Great book, I'm getting a lot out of the site and I'm looking forward to the rel...

phillc73 · on Sept 16, 2016

I wondered something similar about sqldf, because at one point my brain just seemed to work better "in" SQL.

The biggest issue I found was that sqldf was significantly slower than dplyr and other alternatives.

I started trying to mess about with something I was calling sqldf2. Didn't get very far, but there is some perhaps somewhat useful benchmarking in the R script here:

https://github.com/phillc73/sqldf2/blob/master/R/sqldf2.R

peatmoss · on Sept 16, 2016

I have a related technical question. Why couldn't something highly embeddable like SQLite be the default underlying implementation for a data frame in something like Python or R? It seems like Pandas and R data frames have a great deal redundant functionality.

SQLite seems like it has the guts to be the standard libdataframe.c for R, Python, Julia, etc.
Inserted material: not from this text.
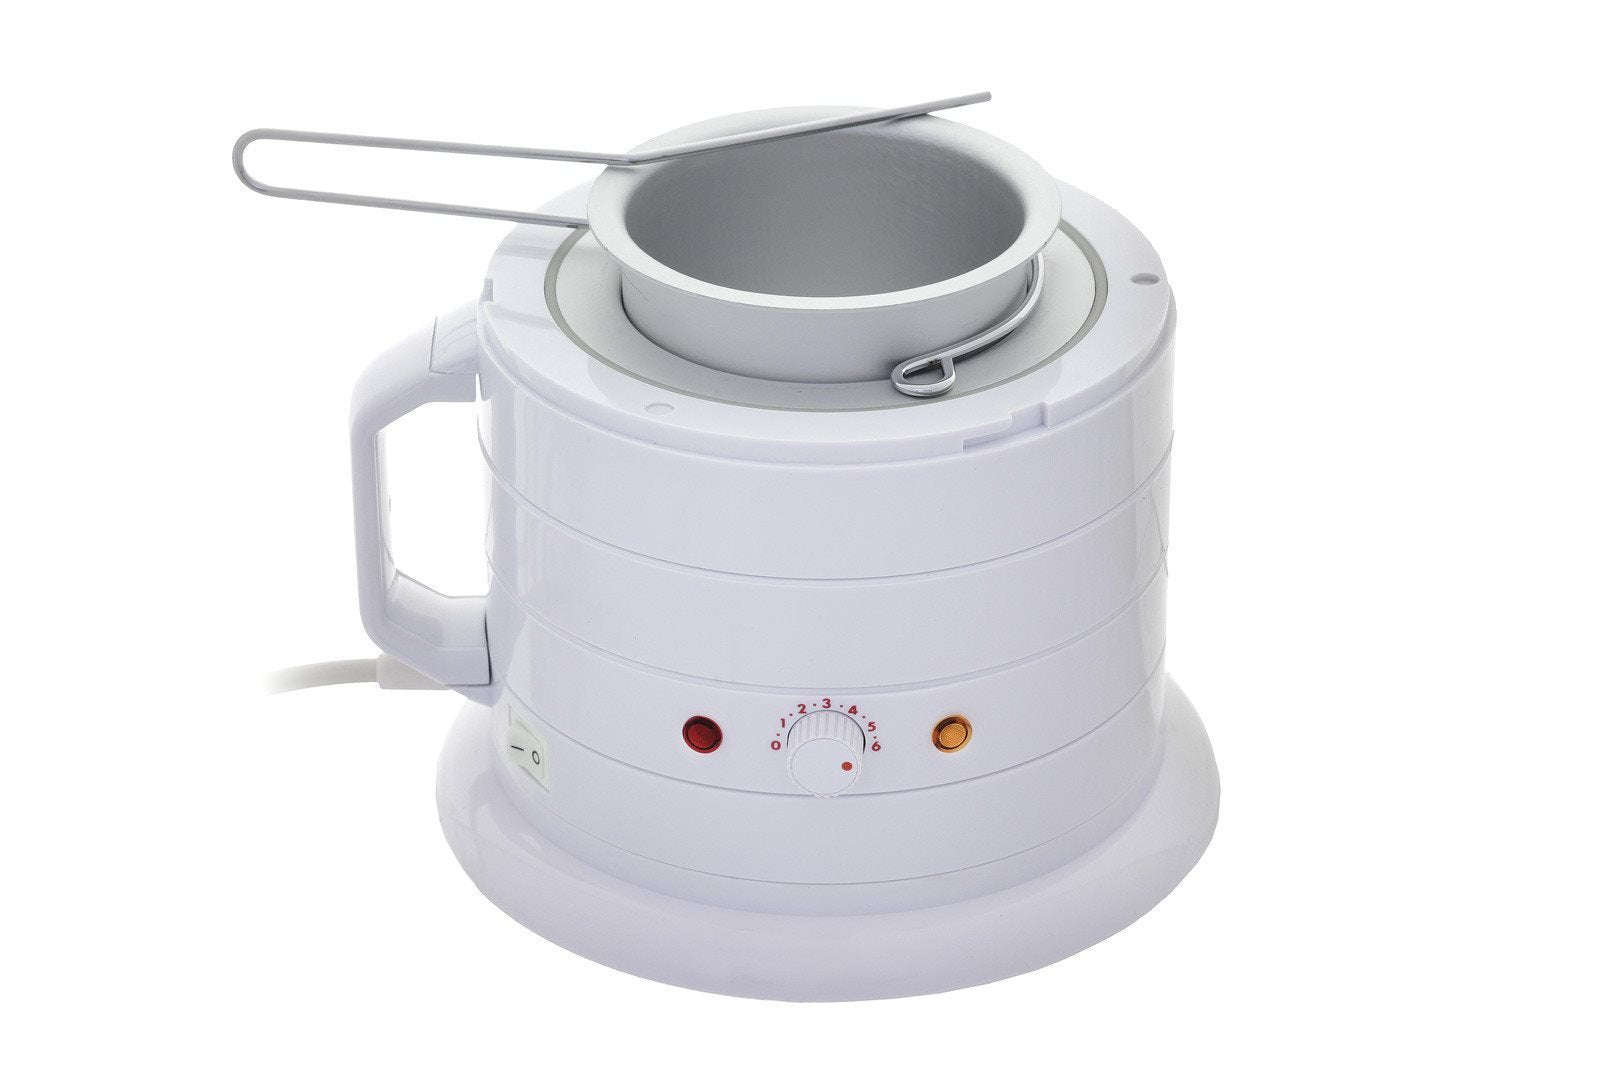 Professional Small Wax Heater | 500ml Capacity | Thermostatic Heat Control - beautyhair.co.ukWax Heaters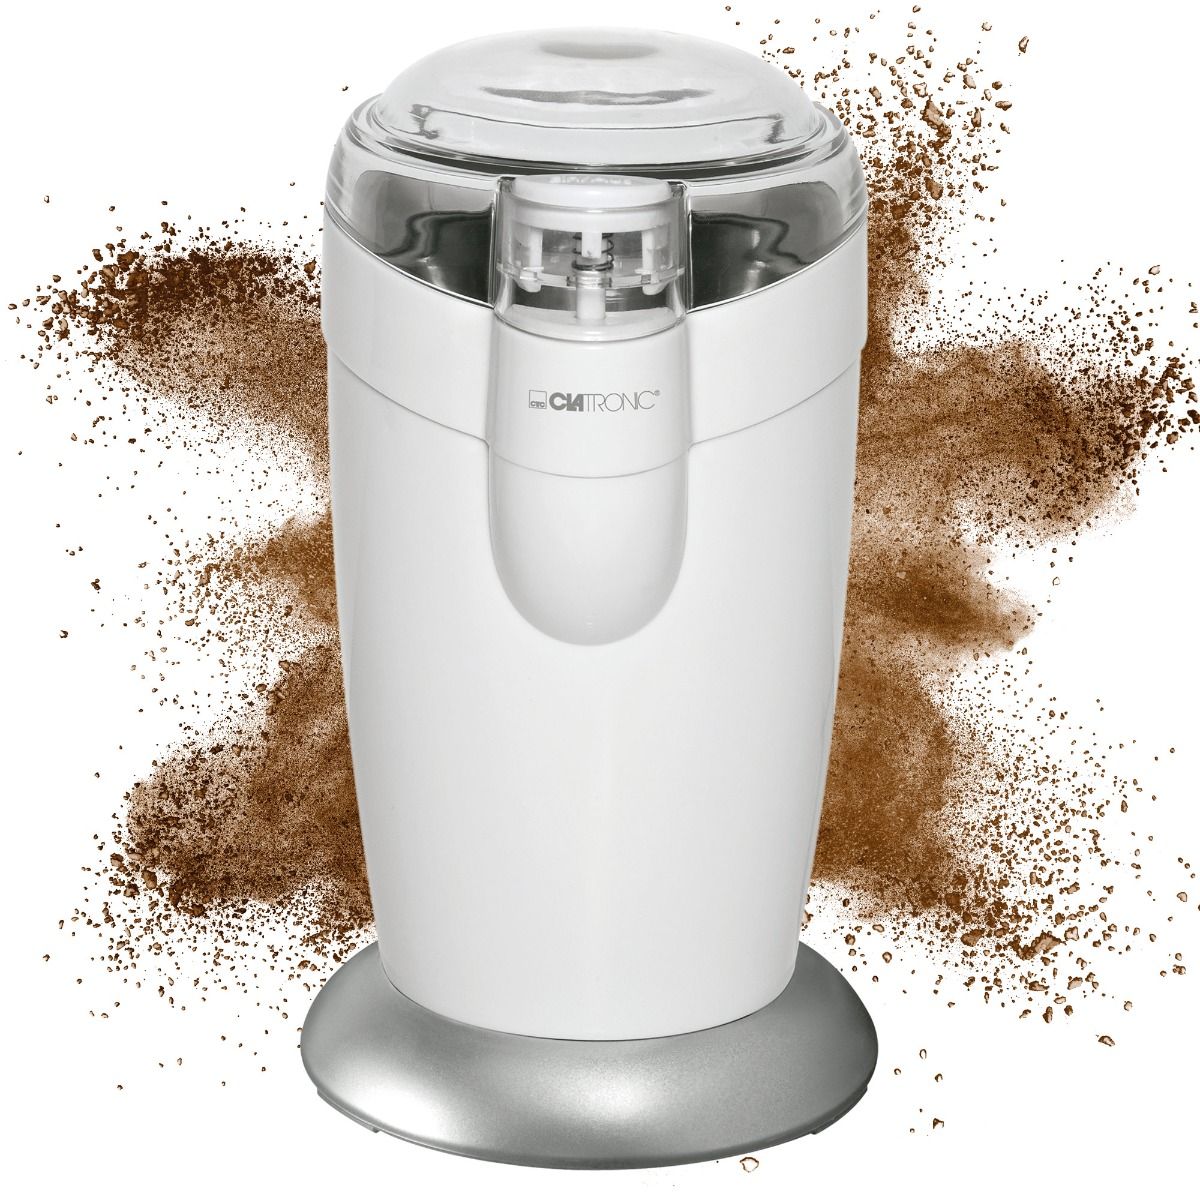 Clatronic Coffee grinder KSW 3306 white

As a side benefit it already has a super consistent API (a.k.a. SQL).

hadley · on Sept 16, 2016

Because it's designed to support typically relational db workloads (i.e. Lots of changes) not data analysis workloads. Dataframes in R, pandas etc, are column oriented, which leads to better trade offs for analysis.

Also SQL is a substantially inferior API for data analysis. (Not because it's a bad language, but again because that's not what it's designed for)

geebee · on Sept 16, 2016

I agree completely that SQL is not the language for the kind of data analysis you're discussing in this book - to me, the question is whether it's useful to do querying and filtering through SQL and data analysis through python and R on the resulting datasets. I think pretty much everything you've written here would be continue useful if you used sqldf to generate data frames in R, but I don't know R well enough to be sure of that.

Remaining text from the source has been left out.